See, this strategy is especially useful if you know you don’t plan to ever actually learn the language. I have written some pretty arcane bash scripts in my day, but to be honest I wrote my first bash script 10 years ago and in that time I’ve written less than 10,000 lines of bash scripting code. It’s just not worth learning to me, so I keep some files around with examples of the most obvious kinds of things I want to do, and when I need a new bash script–usually about twice a year–I have all the pieces I need right there. BAM. Ignorance is bliss, and laziness is, occasionally, brilliant time management.

But this strategy is especially awful if you know you don’t plan to ever actually learn the language, but you turn out to be wrong. It ends up that you find yourself using it on a regular basis, and hilariously, you don’t even notice this for years and years. This is true for me of elisp, the flavor of lisp used to program emacs. I’ve written elisp for years longer than I have bash, but maybe only twice as many lines of code. I find myself needing an elisp tweak on a weekly basis, and end up spending an hour researching how to do it. And two or three times a year I find a problem that I could solve elegantly in elisp, if only I knew how to express what I was thinking as lisp code. But I don’t solve the problem. I merely sigh, and learn to live without whatever cool new feature I was thinking of.

I wrote that paragraph in present tense because I still haven’t figured out that I really do need to actually learn that language. Shut up.

Sometimes work and politics can affect your decision as well. If you and your boss agree that the Next Big Thing will be written in Language Y, then you have the need and your manager has the afford.

(And sometimes these two forces are in conflict. I could write an entire blog post on the political machinations involved when you and your boss disagree on the do/don’t want or can/can’t afford questions. Skunkworking a cool language or shirking a lame one is a topic for another post, one I’ll probably never write, but basically it would be all about office politics. I’ve seen people get fired for a successful skunkworks project and others get promoted for sandbagging a project. People sure are complicated!)
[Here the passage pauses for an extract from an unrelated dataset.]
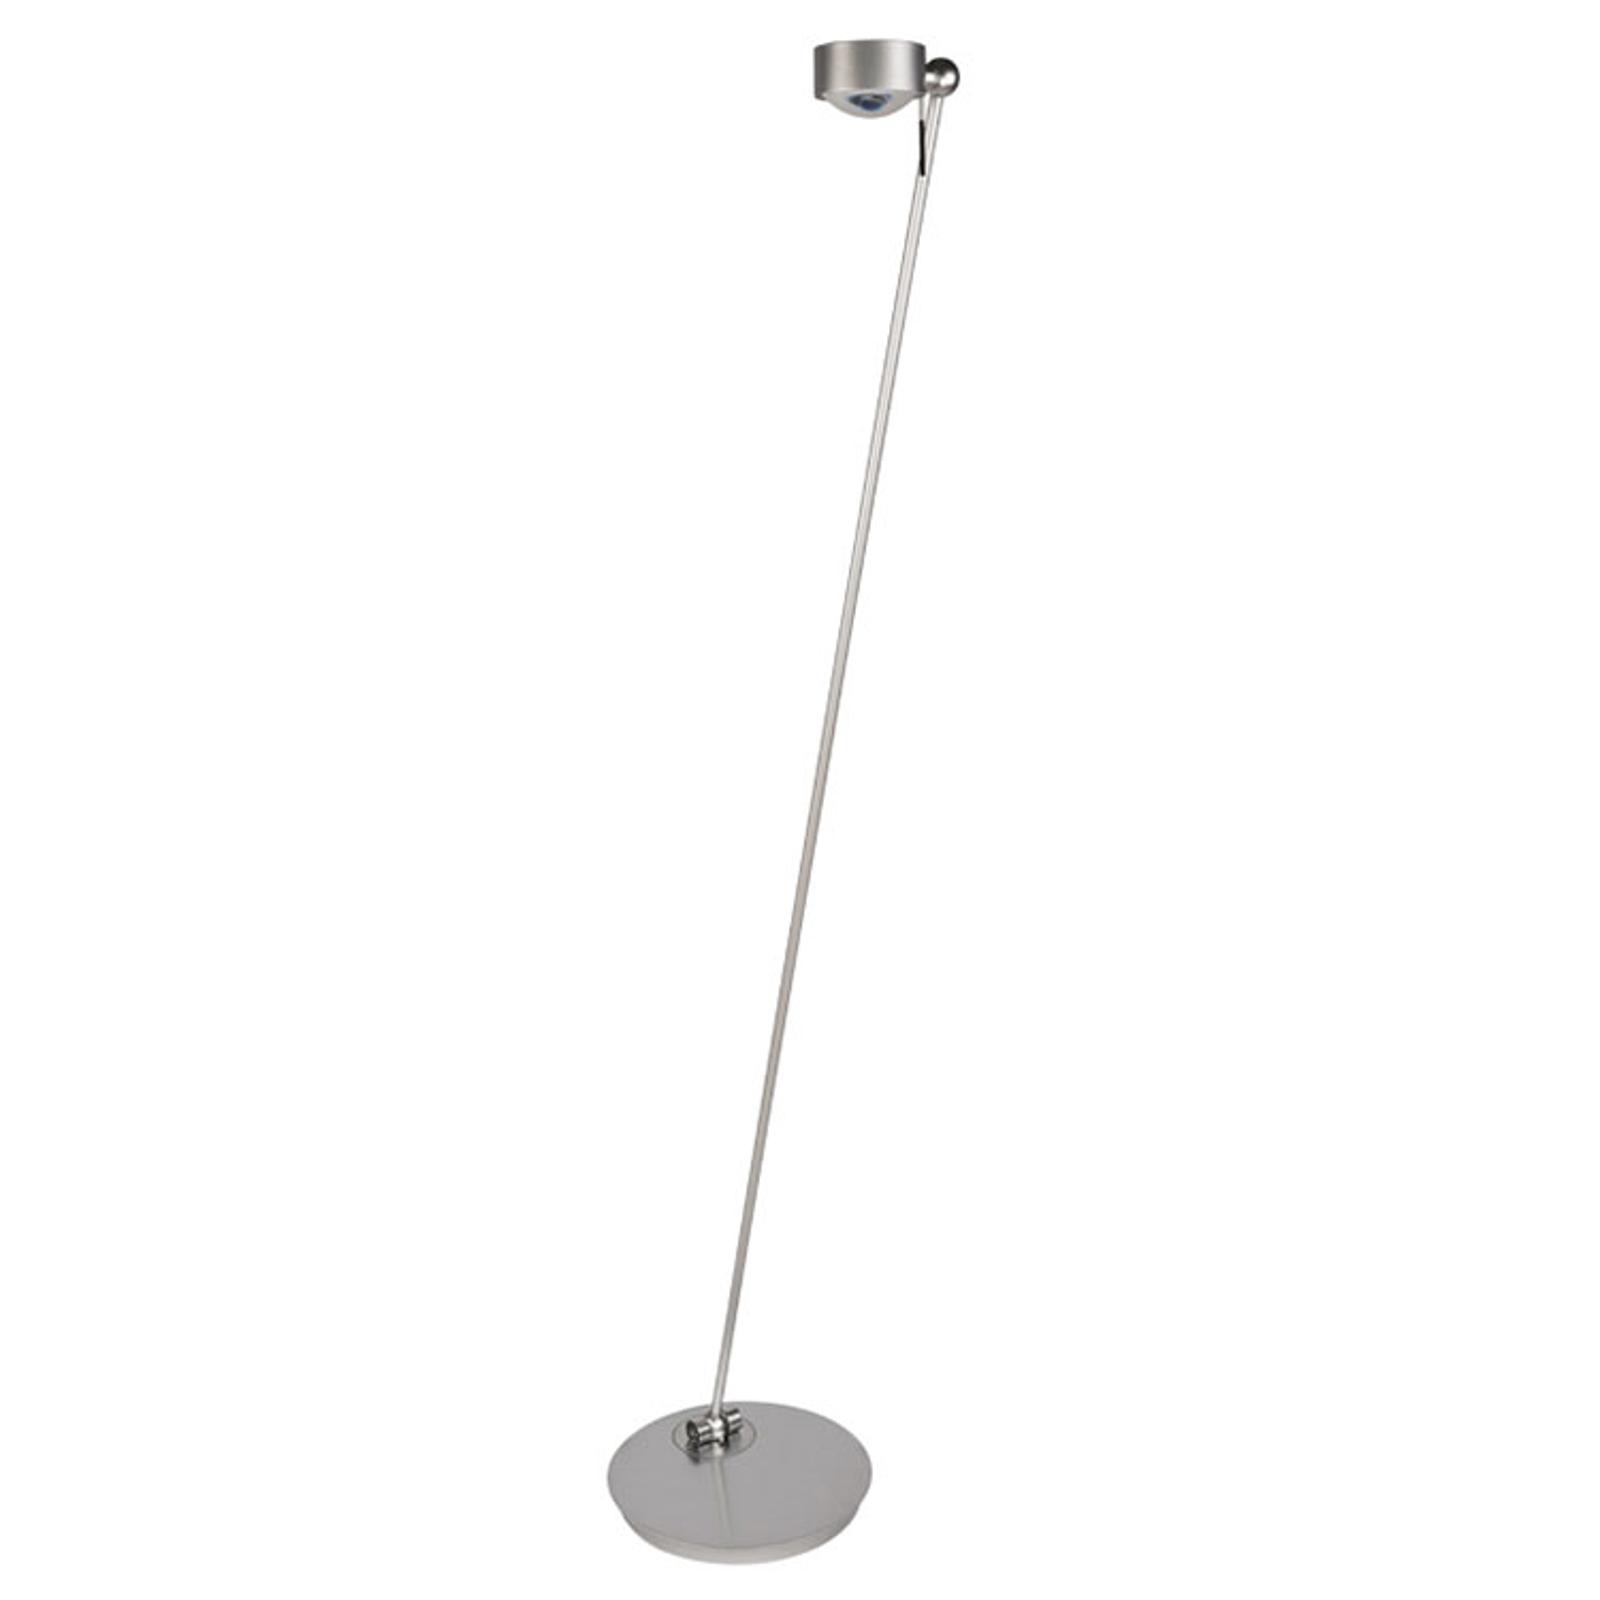 LED vloerlamp Puk Floor Mini Single mat nikkel

Okay, NOW if you’re the second type of programmer, you can safely stop reading. If not, you’re pretty much out of luck for the “21 Minutes” part of learning a new language. But keep reading, because the 2-3 years bit isn’t until the very end. Most of the mistakes I’ve made learning a new language I have made in the first few days.

Truly Embracing A Language Takes Time, But You’re In A Hurry, So…

If you want to embrace a language, it’s going to take time. You’re going to have to internalize the language’s entire approach to solving problems. You’re going to have to learn its idiosyncracies and its warts, and you’re going to have to learn its power moves and elegant applications. That all takes time, but if you’ll permit me to point out my favorite pitfalls and some less-traveled paths around them, I can maybe show you a trick or two for leveraging your learning.

But first, good news/bad news. I’m writing this assuming you already know a programming language or three or seven. The good news is, the more languages you know, the faster you can recognize the basic syntax patterns and logic structures of a new language. But the bad news is: the more languages you know, the more they tend to blur into a common model of computation in your head. This can make you blind to the elegant weirdnesses of your new language. Resist the urge to judge weird things quickly; they often turn out to be the most powerful features of the language once you “go native”. If you see something you can’t stand, remind yourself that you haven’t seen everything there is to see, and give the new idiom a chance. Try it out and learn its tradeoffs. It’s okay to discard a bad idea in JavaScript once you understand why it’s a bad idea in JavaScript… but it’s never a good idea to discard a feature of a new language based on your instincts–because your instincts come from other languages, not this one. (Read up on The Blub Paradox if you haven’t heard of it before.)

TL;DR This Is Mostly About Your Blind Spots

I should have put that TL;DR up at the top, but if you don’t know by now that I’m that kind of jerk, you must be new. Welcome to my blog! Anyway, here’s the list. I’ve included illustrations about Ruby, Python and JavaScript, because those are the three languages where I stunted my own growth unnecessarily the longest.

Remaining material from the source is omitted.